━━━ Provided information ━━━

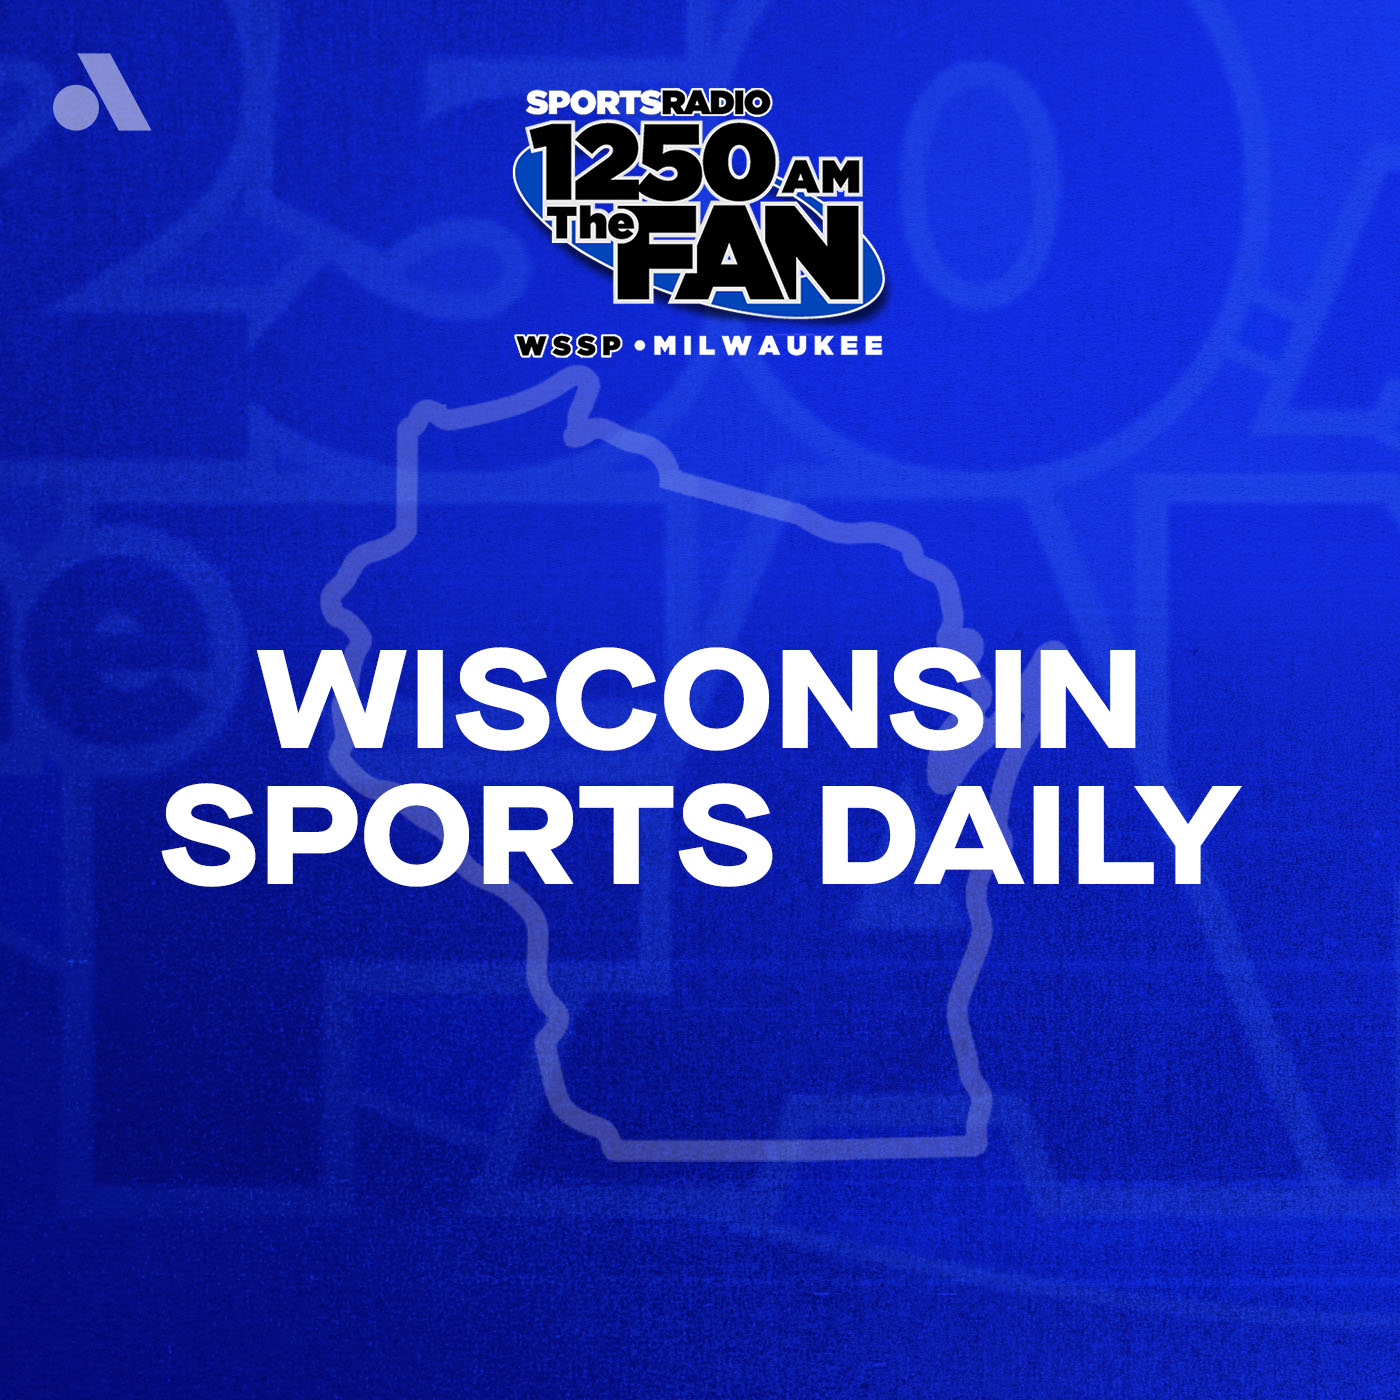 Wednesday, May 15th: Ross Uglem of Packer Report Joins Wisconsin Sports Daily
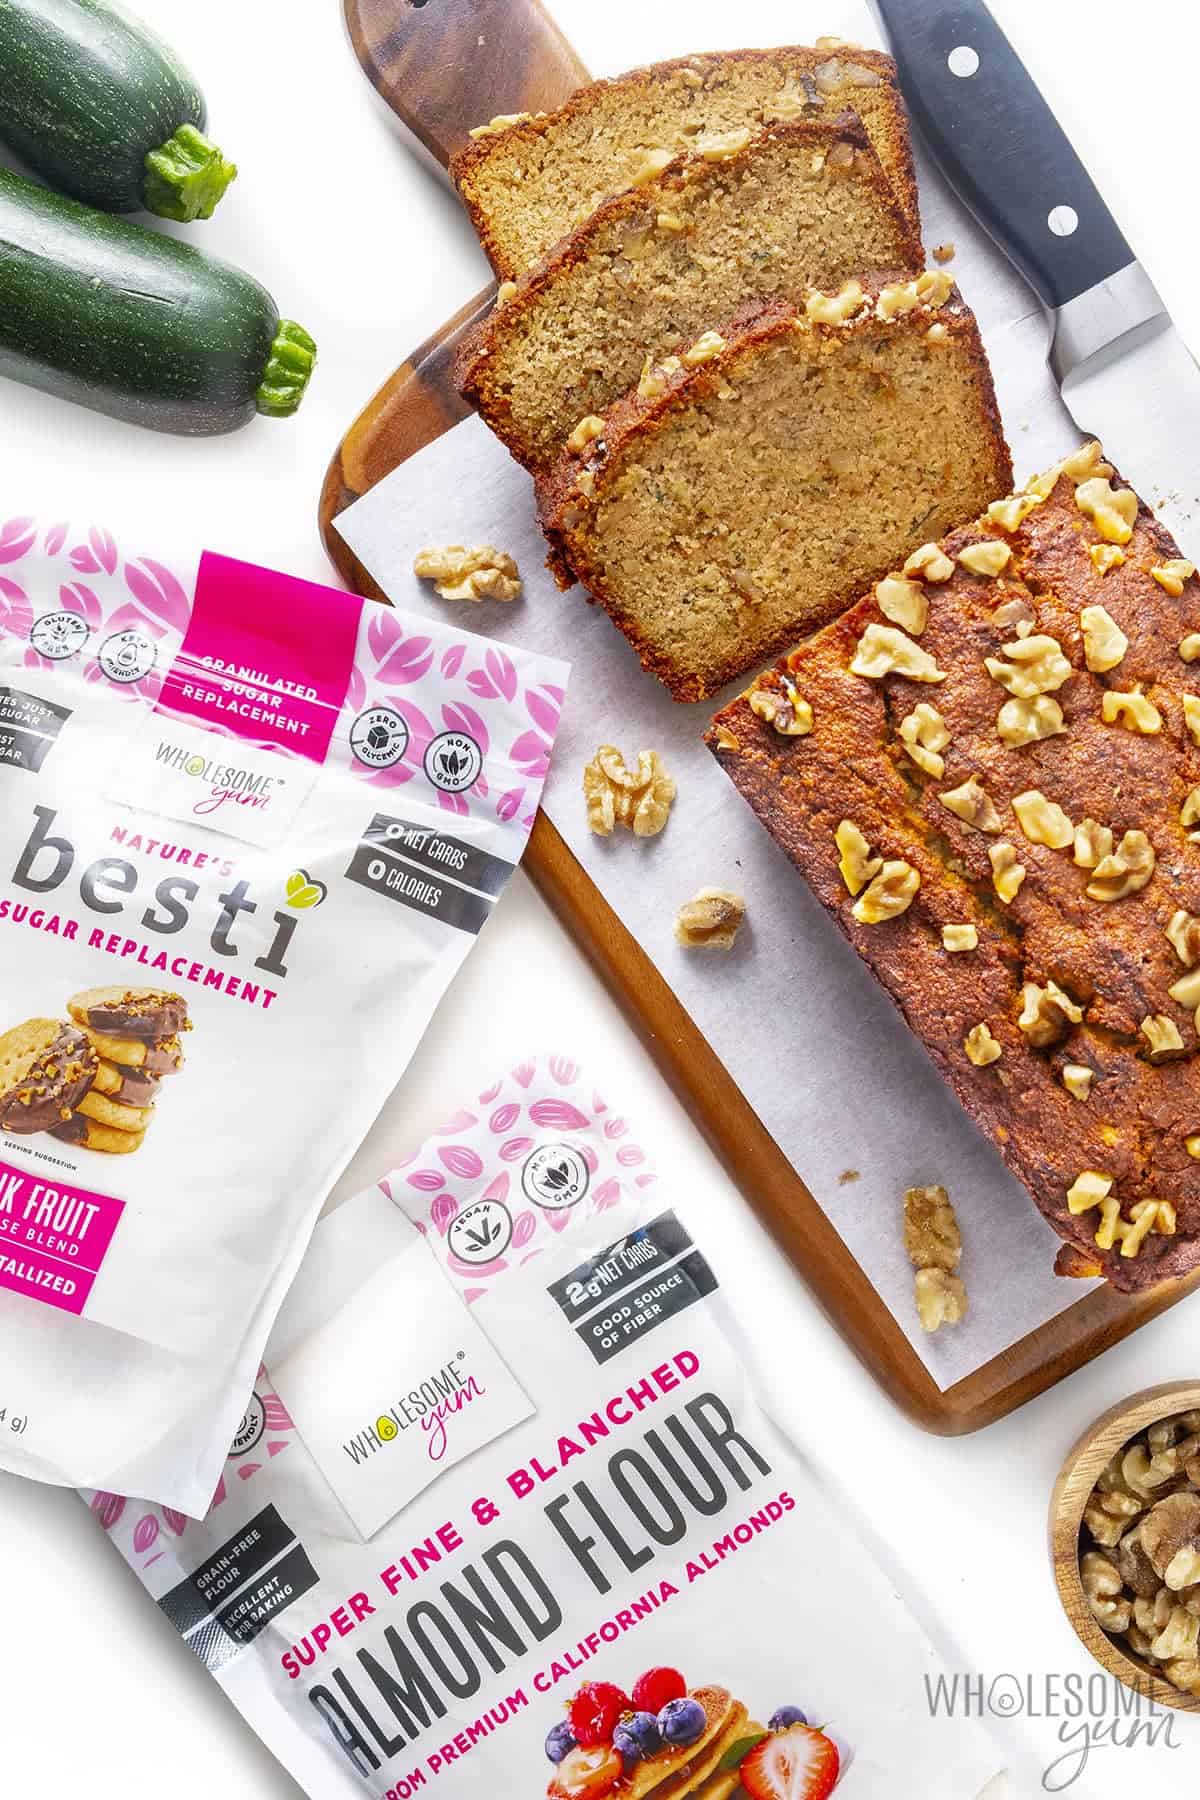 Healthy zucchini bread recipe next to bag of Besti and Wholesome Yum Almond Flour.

━━━
━━━ Provided information ━━━

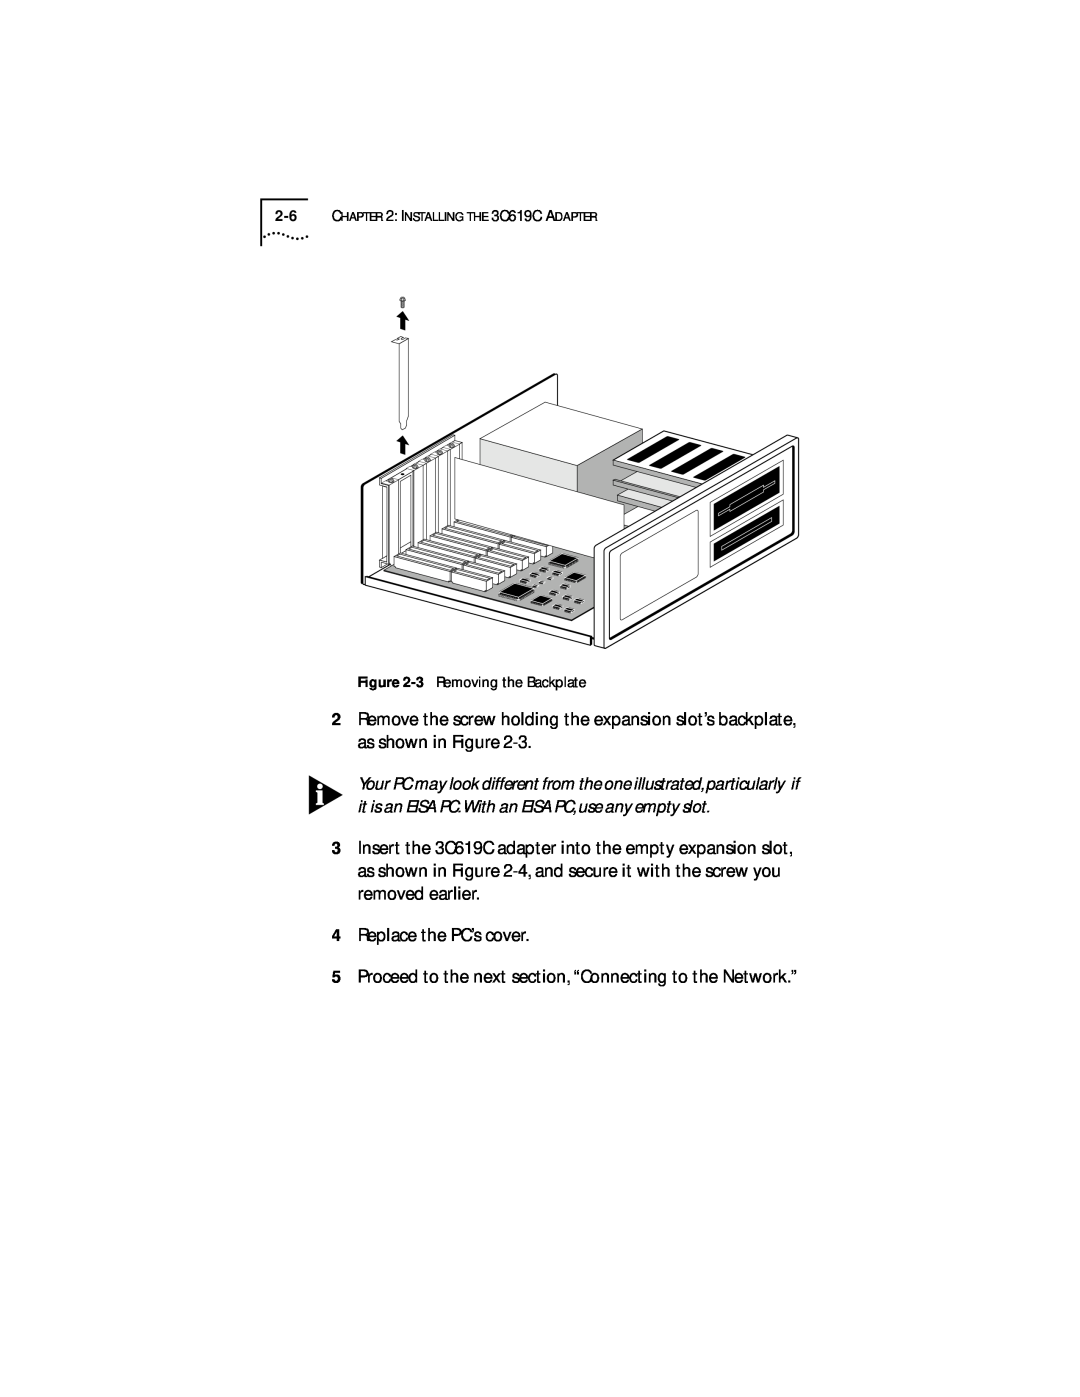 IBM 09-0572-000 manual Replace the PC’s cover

━━━

**Activity**
Skip every picture, and restate word for word only the lines above from the line containing "Wednesday, May 15th: Ross" to the line containing "Healthy zucchini bread", both of them included.

**Solution**
 Wednesday, May 15th: Ross Uglem of Packer Report Joins Wisconsin Sports Daily
 Healthy zucchini bread recipe next to bag of Besti and Wholesome Yum Almond Flour.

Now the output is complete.